FIG. 1a is a flowchart illustrating a data interaction method between a Bluetooth-based hot metal car and a blast furnace according to an embodiment of the present invention;

FIG. 1b is a diagram of a Bluetooth-enabled vehicular terminal of a molten iron vehicle according to an embodiment of the Bluetooth-based data interaction method between the molten iron vehicle and a blast furnace;

FIG. 1c is a schematic diagram of a human-computer interface of a Bluetooth-based data interaction method between a hot-metal car and a blast furnace according to an embodiment of the present invention;

FIG. 2 is a schematic structural diagram of a Bluetooth-based data interaction system between a hot-metal car and a blast furnace according to an embodiment of the present invention;

FIG. 3 is a schematic structural view of a molten iron car according to an embodiment of the present invention;

FIG. 4a is a schematic structural diagram of a data interactive system between a molten iron vehicle and a blast furnace based on Bluetooth according to another embodiment of the present invention;

FIG. 4b is a schematic diagram of a stokehole base station of the Bluetooth-based data interaction system between a molten iron car and a blast furnace according to an embodiment of the present invention;

fig. 4c is a diagram showing an LED digital screen structure of the data interactive system between a bluetooth-based hot metal car and a blast furnace according to an embodiment of the present invention.

Description of the element reference numerals

21 connection module

22 communication module

31 processor

32 memory

Detailed Description

The embodiments of the present invention are described below with reference to specific embodiments, and other advantages and effects of the present invention will be easily understood by those skilled in the art from the disclosure of the present specification. The invention is capable of other and different embodiments and of being practiced or of being carried out in various ways, and its several details are capable of modification in various respects, all without departing from the spirit and scope of the present invention.

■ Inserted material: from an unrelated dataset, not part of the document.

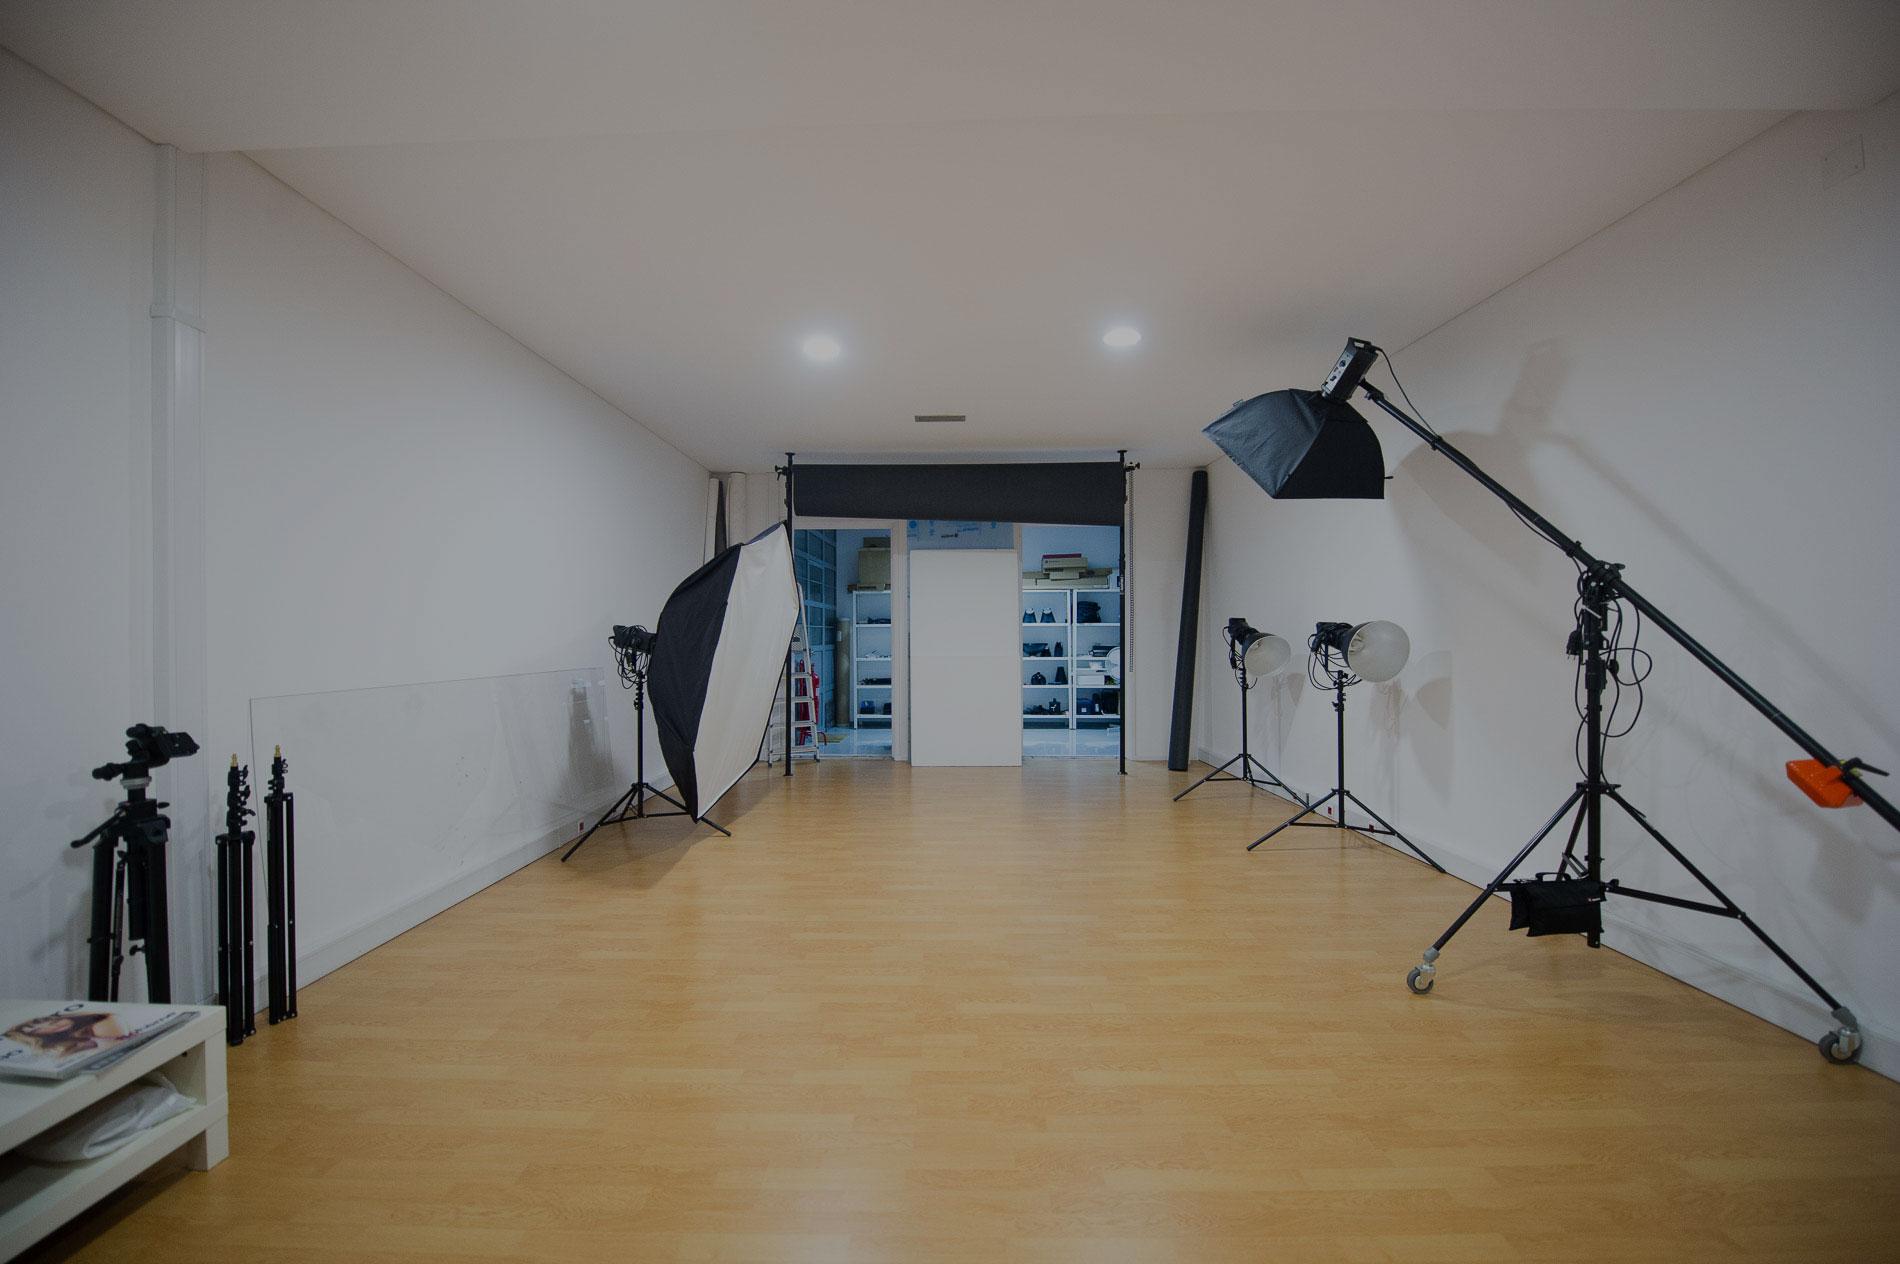 Aluguer de estúdio fotográfico <br>e workshops

It is to be noted that the features in the following embodiments and examples may be combined with each other without conflict.

It should be noted that the drawings provided in the following embodiments are only for illustrating the basic idea of the present invention, so that the components related to the present invention are only shown in the drawings rather than drawn according to the number, shape and size of the components in actual implementation, the type, quantity and proportion of the components in actual implementation can be changed freely, and the layout of the components can be more complicated.

The Bluetooth-based data interaction method, system and device between the molten iron car and the blast furnace are used for realizing the reliable weight of the molten iron car, particularly the self-recognition and self-matching of molten iron weight between the blast furnaces through Bluetooth wireless, realizing the data sharing and mutual confirmation among a control room in the blast furnace, a molten iron car driver and a stokehole operator in a steel mill, and improving the statistical management possibility of the molten iron car condition of the control room in the blast furnace and the safety of molten iron discharge of the stokehole operator.

As shown in fig. 1a, in an embodiment, the data interaction method between a molten iron car and a blast furnace based on bluetooth of the present invention is applied to the molten iron car, and includes the following steps:

and step S11, establishing Bluetooth communication connection with the stokehole base station.

Specifically, the invention needs to configure a stokehole base station at each taphole, equip a vehicle-mounted Bluetooth terminal and a vehicle-mounted human-computer interaction system on each molten iron car needing to enter the stokehole, and install a digital display screen in the stokehole of the molten iron car.

Specifically, as shown in fig. 1b, a bluetooth communication connection is established between a vehicle-mounted bluetooth terminal and a stokehole base station, and the vehicle-mounted bluetooth terminal is used as a device for communicating with the stokehole base station and a VCU (vehicle control unit) of a hot-metal car, and is also a core device in the method, and is also constructed by using an STM32F429 as a main chip, and needs to reach the following technical indexes in cooperation with a bluetooth nrf 52810: wide voltage design (9-36V), operating temperature range (-25 ℃ to +70 ℃), electromagnetic interference and vibrations CAN be prevented, the protection level reaches IP67 and the like, multi-channel RS232 and CAN communication CAN be supported, the Bluetooth V5.0 specification is met, Class2 (2MB/sec) is provided, the transmitting power is adjustable with software, the directional antenna is arranged outside, and the Bluetooth frequency range is as follows: 2.402G-2.480 GHz, and the achievable Bluetooth protocol: LC, LM, L2CAP, GATT, SDP, RFCOMM.

Step S12, acquiring stokehole base station information based on Bluetooth communication, and transmitting molten iron car data to the stokehole base station based on Bluetooth communication so that the stokehole base station can forward the molten iron car data and the stokehole base station information to a blast furnace central control room; and receiving instruction information of the blast furnace central control room forwarded by the stokehole base station.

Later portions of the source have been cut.